→ **EXERCISE INSTRUCTIONS**:
Copy the lines below word for word, skipping any image.

→ **INFORMATION SUPPLIED**:
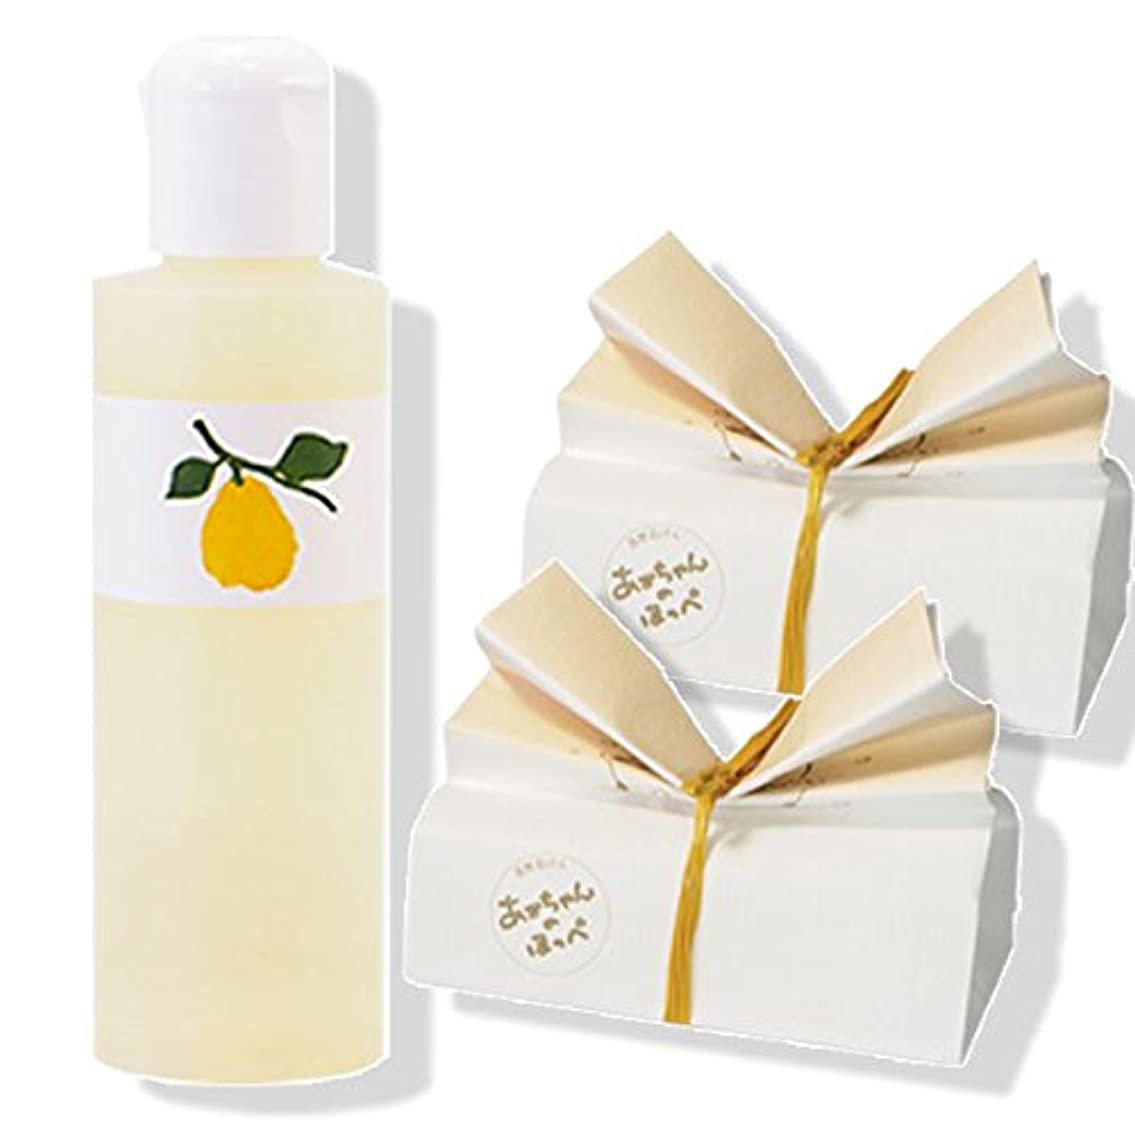 本質的ではないメルボルン彼は「花梨の化粧水」1本 & 「あかちゃんのほっぺ」石鹸 2個セット
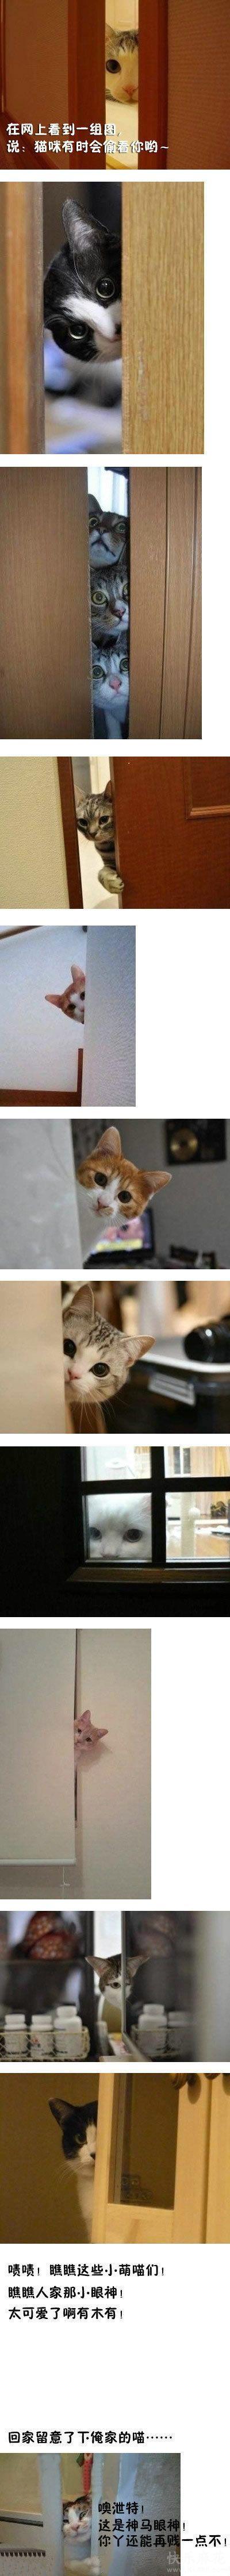 网上看到猫咪偷窥超可爱,回家留意了下俺的猫,结果...
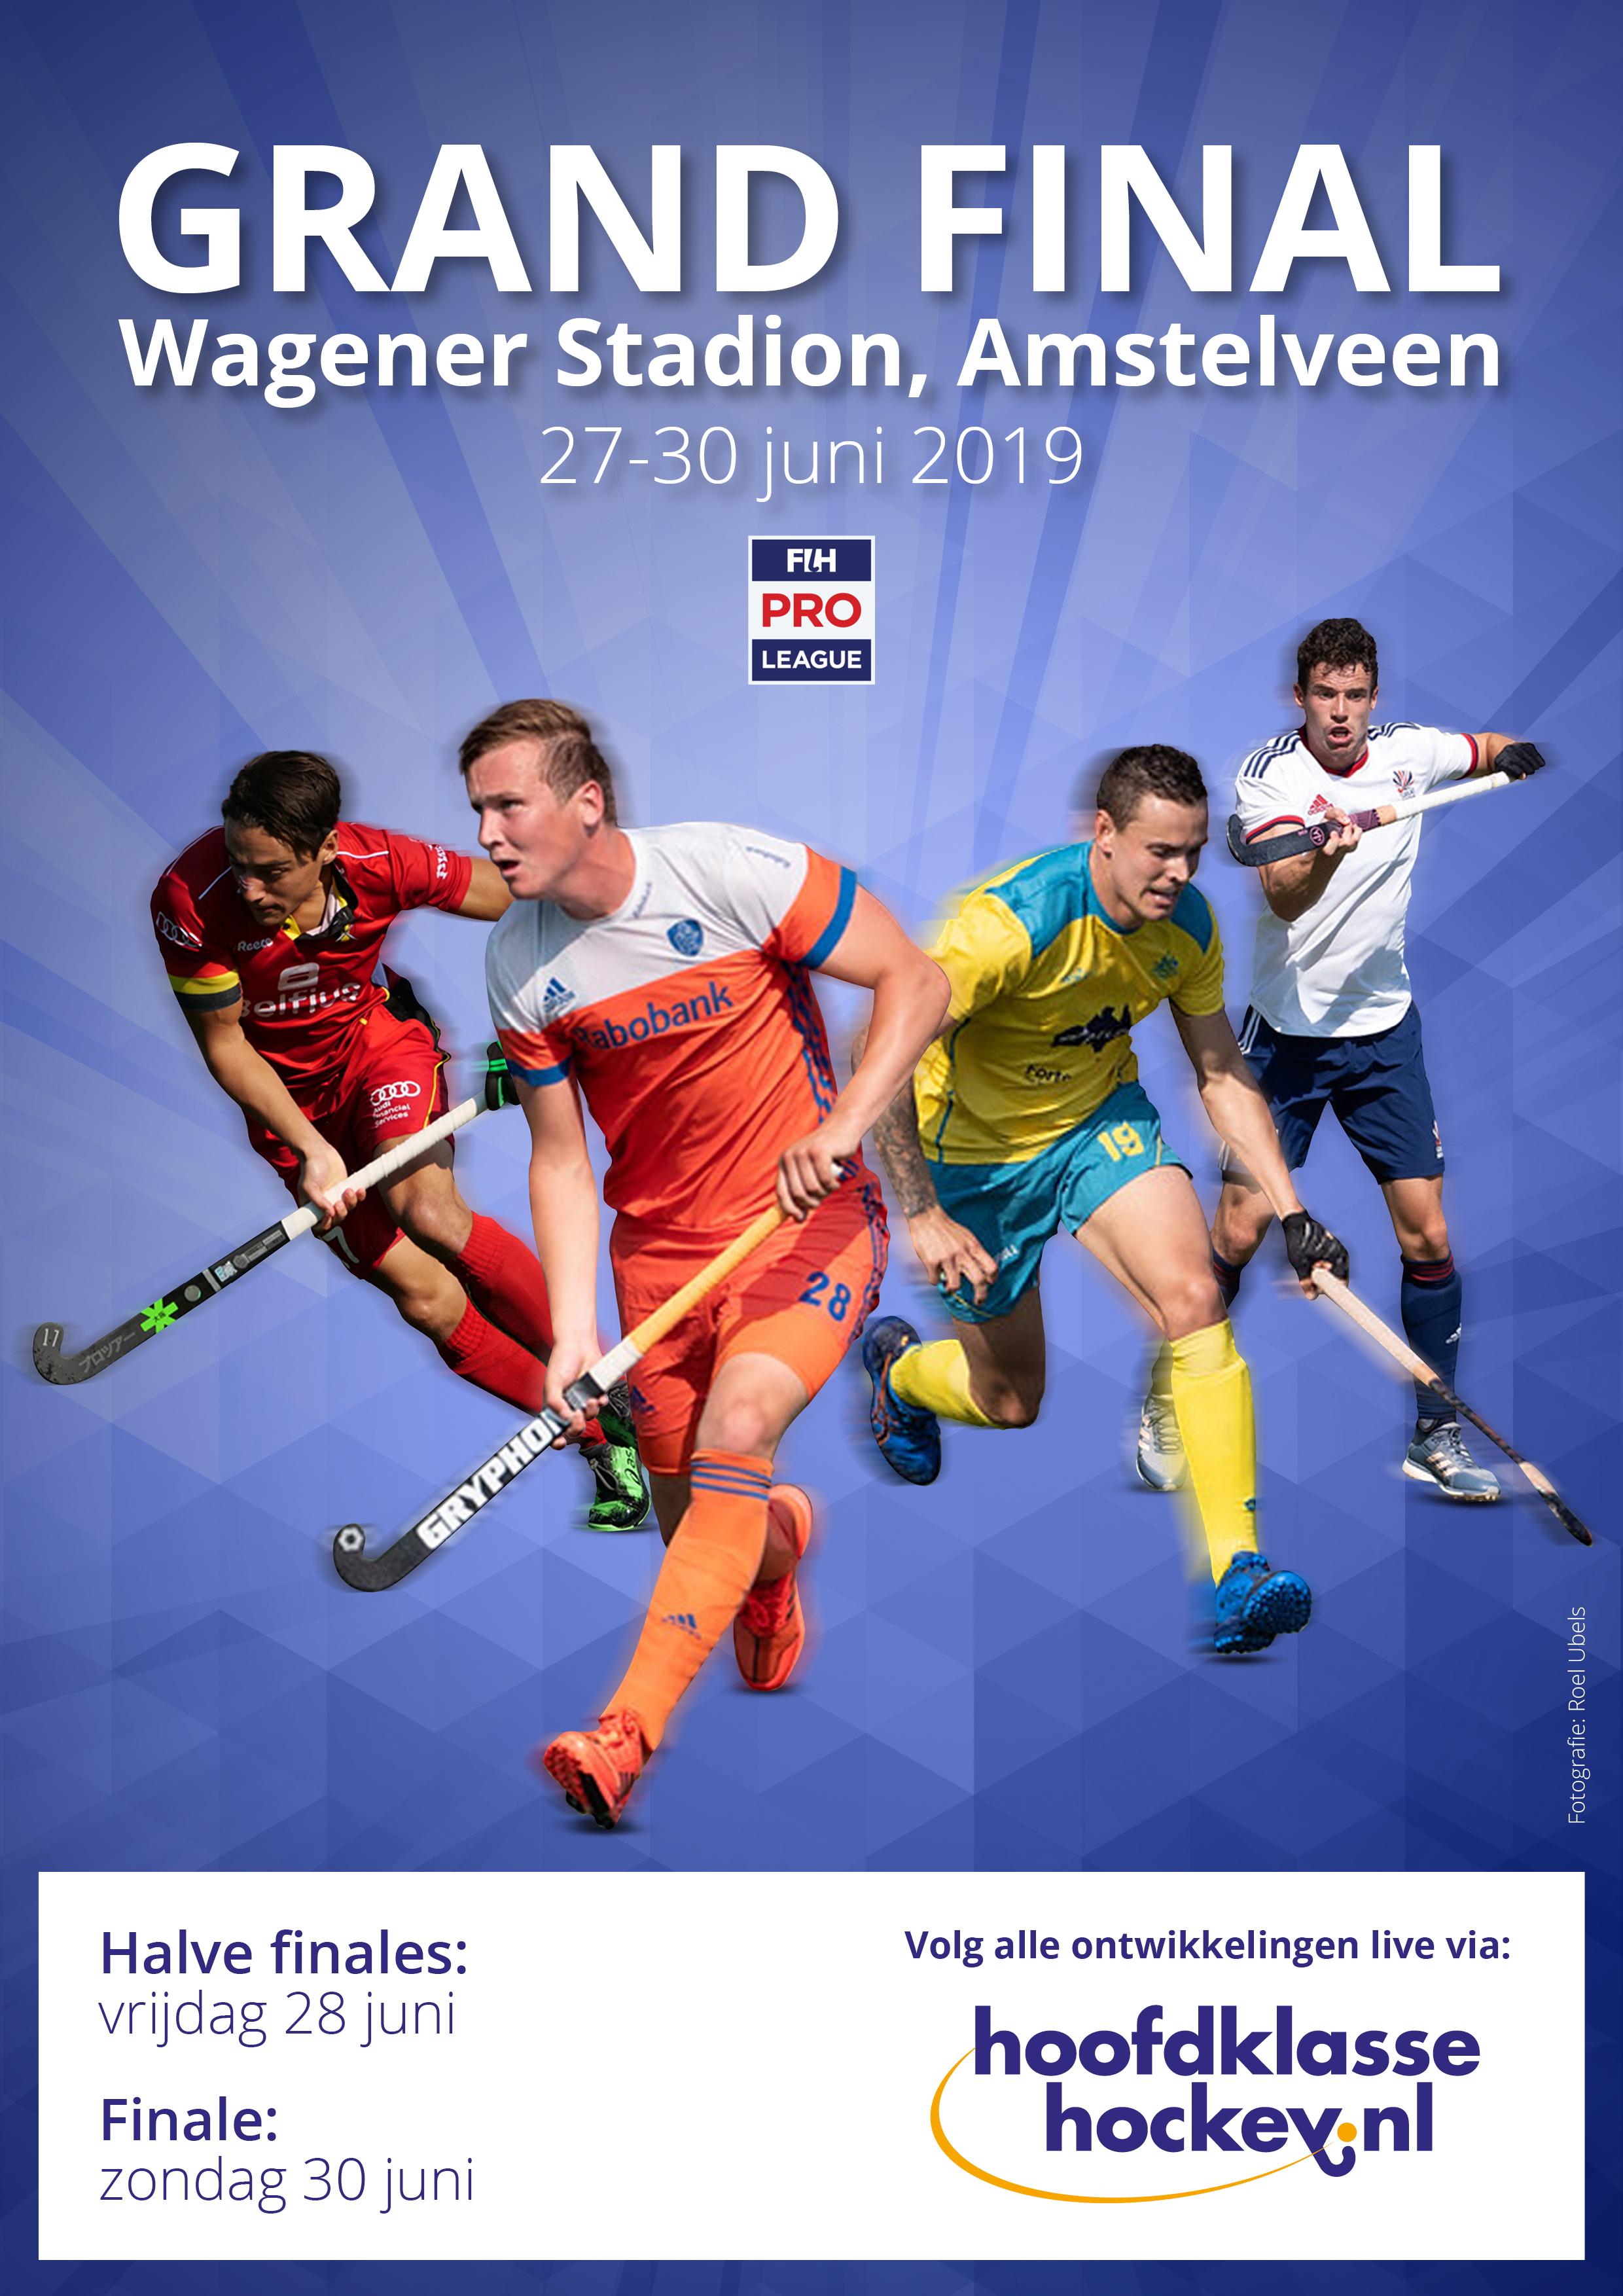 LIVE FIH Pro League Grand Final (H): Oranje zint op wraak voor verloren WK-finale tegen België (Eindstand 3-1)
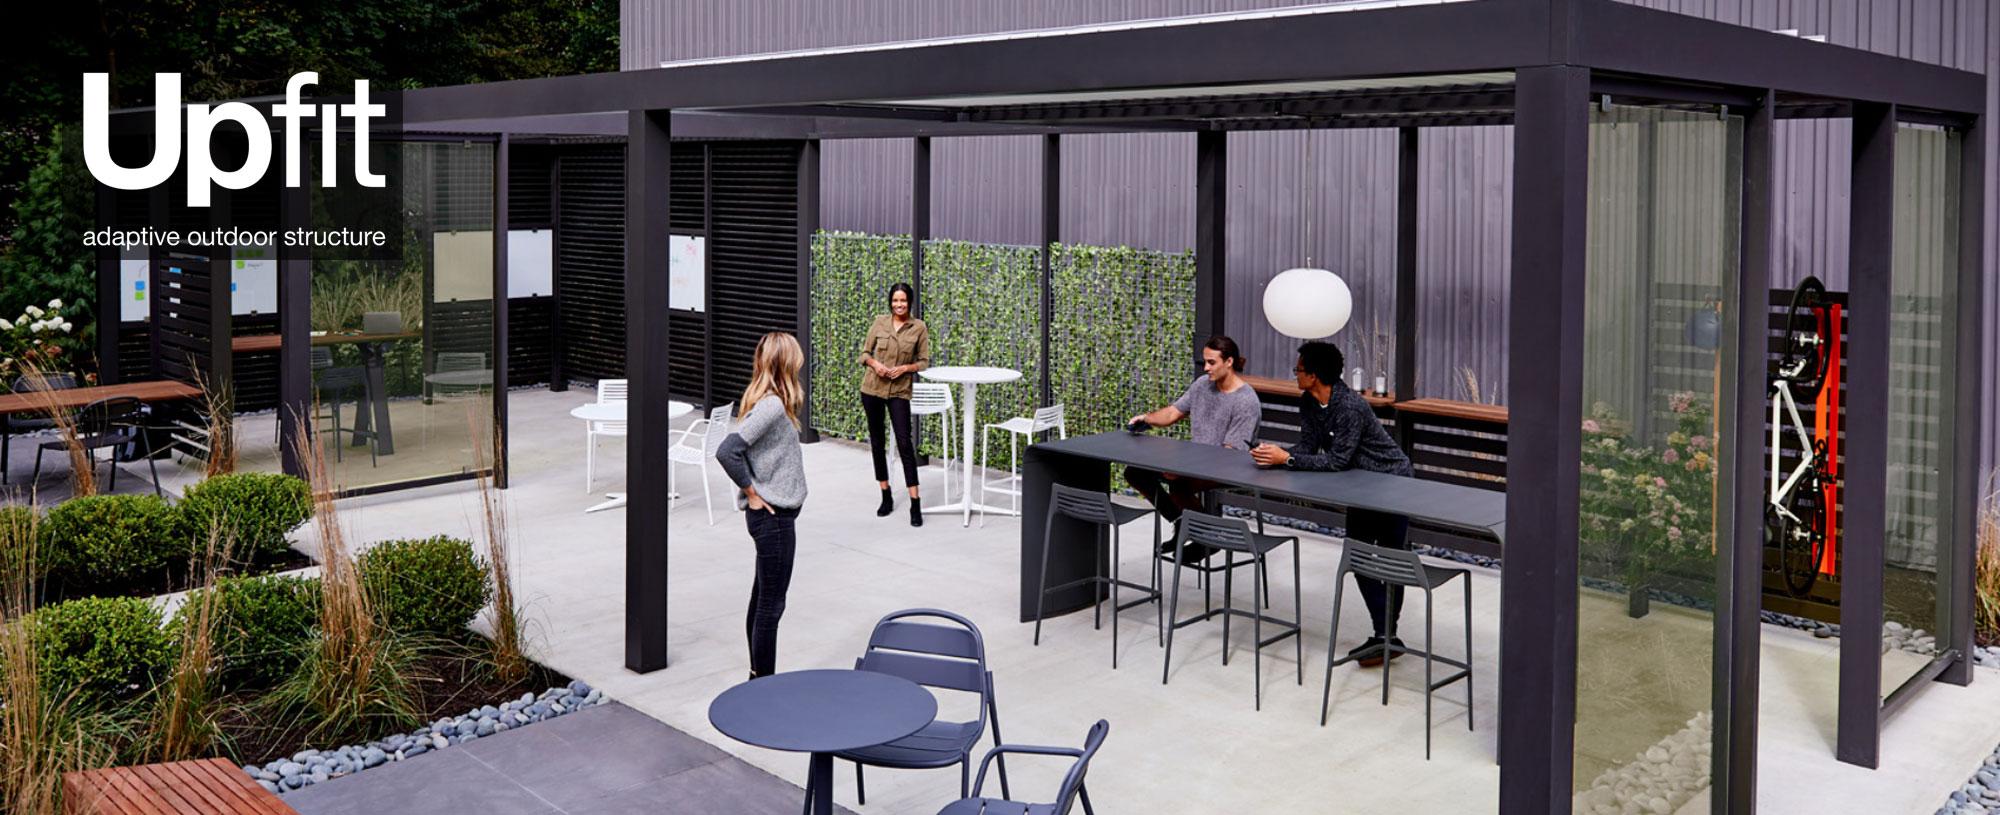 Architectural Street Furniture Artform Urban

→ **FINAL ANSWER**:
 本質的ではないメルボルン彼は「花梨の化粧水」1本 & 「あかちゃんのほっぺ」石鹸 2個セット
 网上看到猫咪偷窥超可爱,回家留意了下俺的猫,结果...
 LIVE FIH Pro League Grand Final (H): Oranje zint op wraak voor verloren WK-finale tegen België (Eindstand 3-1)
 Architectural Street Furniture Artform Urban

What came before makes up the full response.